Salvatore Zito (1960) ci ha abituati negli anni a una pittura colta dai caratteri pop, finalizzata a portare a rappresentazione l’immaginario della nostra società di massa imperniata dalle logiche della produzione, del consumo e della comunicazione.
La pittura in questa prospettiva diventa strumento per aprire un dialogo con il contemporaneo, facendo emergere una dialettica tra belle arti e arti applicate, che vede nella “decorazione” un elemento cardine capace di mischiare elementi della cultura “alta” e della cultura “bassa”, per dare vita a narrazioni visive iconiche della nostra condizione post-moderna.
La cifra neo-pop dell’artista e della sua produzione sono evidenti, infatti, nella scelta dei materiali (la carta come supporto, ad esempio) e dei soggetti (come il bestiario dallo stile allegorico e favolistico, i “miti d’oggi” tratti dal fumetto e dalla musica o gli oggetti di consumo come i gelati…), quanto nella scelta delle modalità espressive e stilistiche che privilegiano la serialità, l’uso del colore e la rappresentazione di elementi e dettagli fuori contesto e fuori scala, che diventano emblematici di una più generale cultura di massa.
Questa figurazione, che unisce la perizia pittorica alla rappresentazione stratigrafica di elementi tratti dal nostro quotidiano e dalla nostra enciclopedia visiva, privilegia una cifra espressiva di natura pop-ironica dal carattere allegorico, che trova la propria espressione più compiuta e matura nella serie degli “stick”, che diventano di volta in volta pretesto per raccontare l’iconografia che anima il nostro immaginario culturale.
La scelta di trasformare la rappresentazione di un oggetto di consumo in un elemento iconico ha permesso all’artista di mettere in scena contenuti tipici della storia della cultura in una perfetta sintesi visiva di facile accessibilità, capace di condensare riflessioni e contenuti di carattere sociale.
Figurazioni che potrebbero appartenere all’immaginario della pubblicità e della comunicazione di massa si fanno, quindi, opere d’arte e diventano così veicolo di una riflessione generale sullo stato dei rapporti umani, sulle modalità della relazione, sull’impossibilità di condurre comunicazioni efficaci, sull’erotizzazione dei rapporti sociali.

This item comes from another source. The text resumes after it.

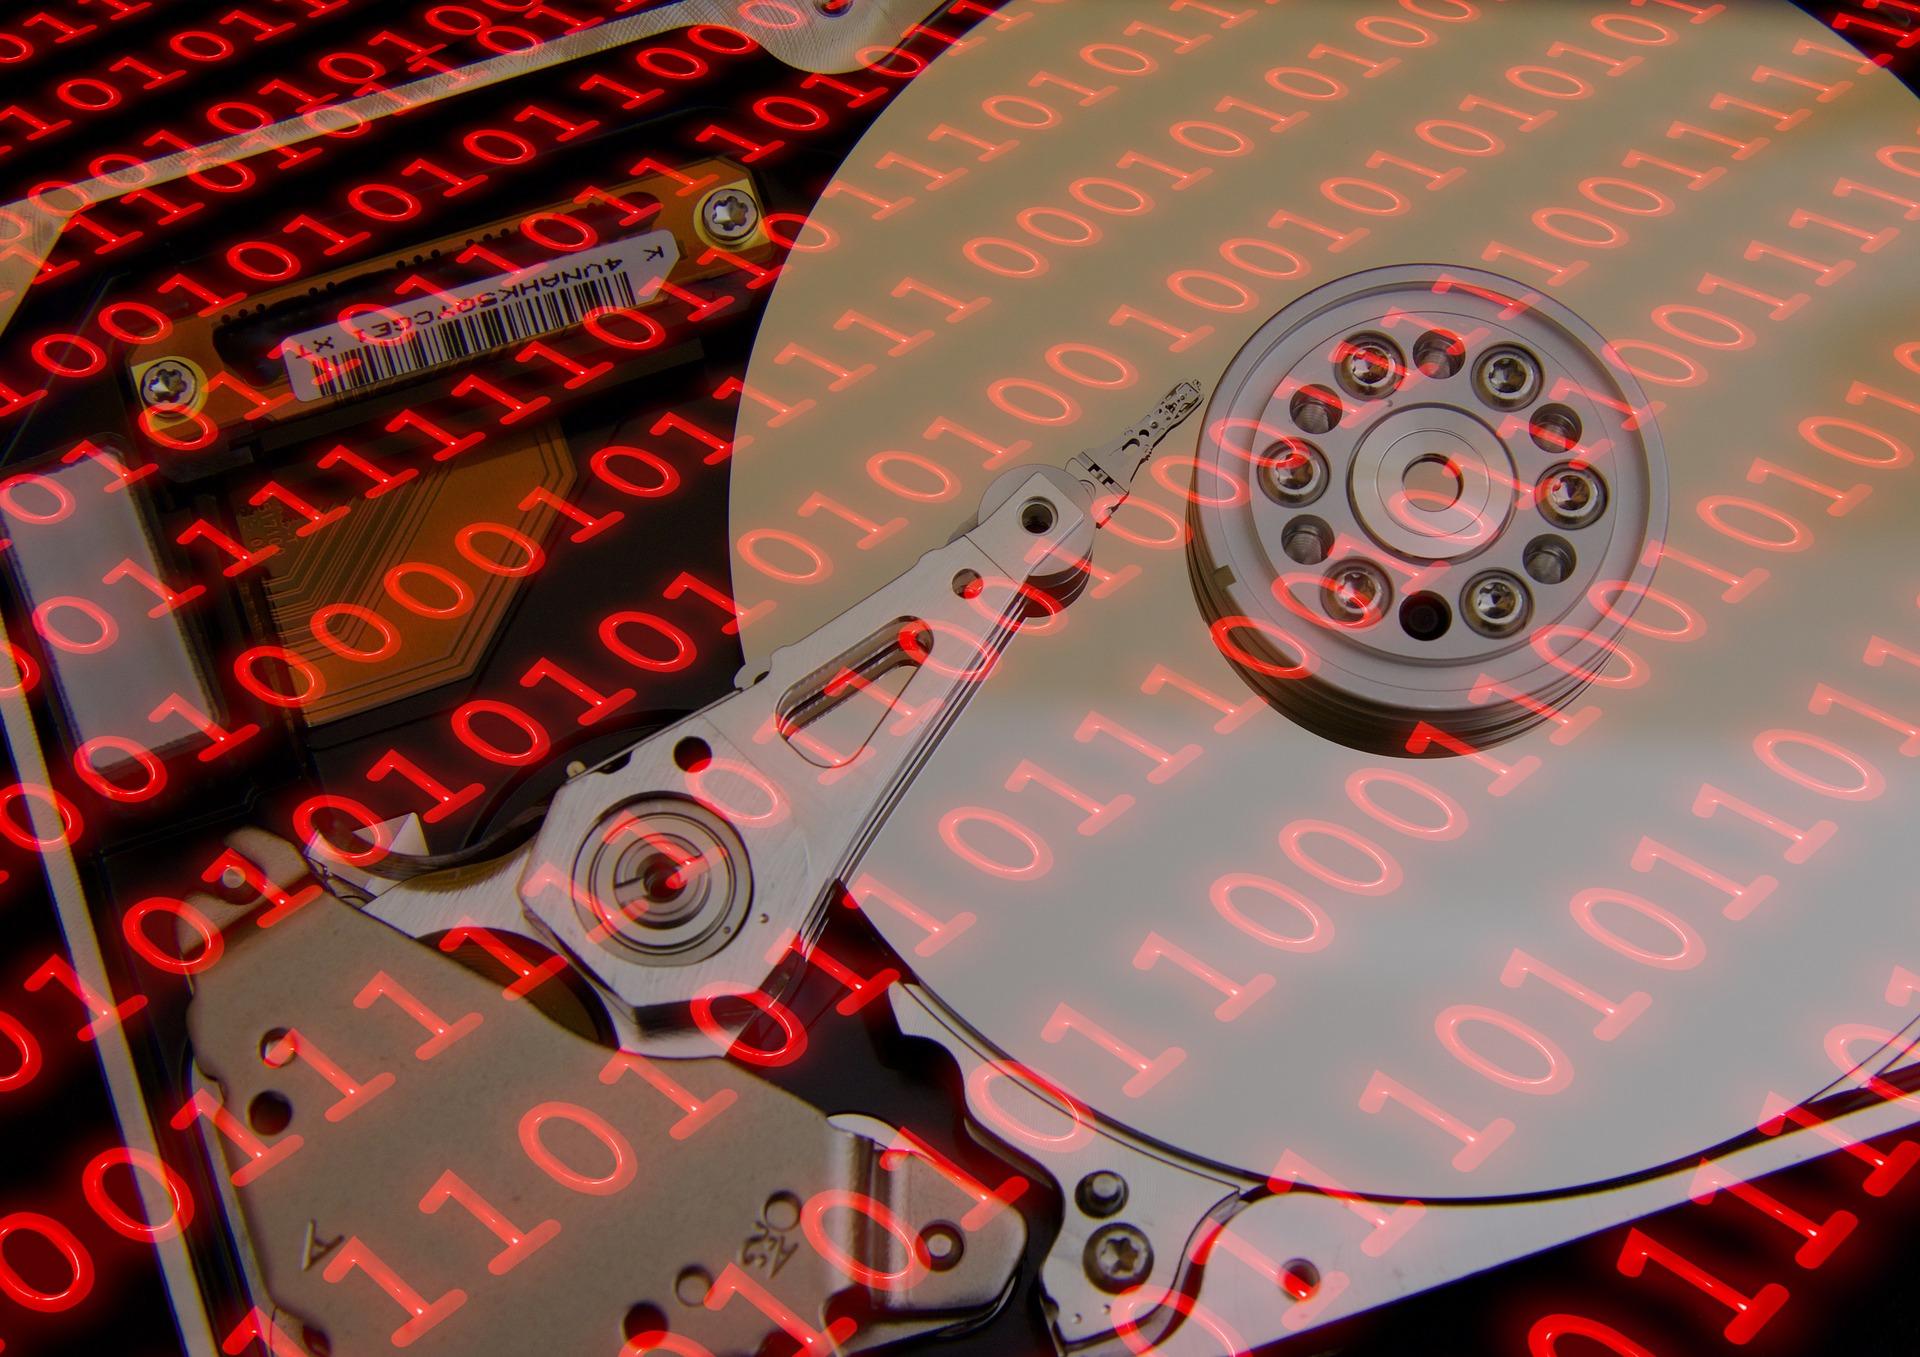 Wir garantieren eine schnelle und zuverlässige Datenrettung Ihrer Festplatte in Salzburg und ganz Österreich

Come in questo caso, in cui un’icona dell’infanzia come Pinocchio, resa universale dall’industria culturale, viene inglobata in degli algidi ghiaccioli trasparenti, riportando alla nostra mente tutto l’immaginario pinocchiesco di storie edificanti e picaresche, di sottintesi erotici e simbolismi alchemici e iniziatici che il burattino più famoso del mondo ha da sempre incarnato.
Il Pinocchio che viene rappresentato, infatti, è quello dell’infanzia, un burattino in gomma dai caratteri disneyani apparentemente innocuo e innocente, che si limita a veder crescere il proprio naso appena ha raccontato una bugia. Questa apparente innocenza viene congelata all’interno di ghiaccioli pittorici che lo fanno diventare icona del consumo, capace pur sempre di alludere a quei significati nascosti o soggiaciuti che hanno a che fare con il diventare adulti e con l’erotismo, come ben ci ricorda una bella fatina dai tratti pittorici antichi e dallo sguardo maliziato.
Insomma, Zito porta a rappresentazione una porzione della nostra infanzia, ci ricorda di non dire le bugie e nello stesso tempo allude con malizia al fatto che potremmo pure non essere più buoni, o almeno non troppo retoricamente bravi e brave, durante le feste natalizie, proprio come il burattino che tra bravate, detti e non detti alla fine diventa un bambino vero.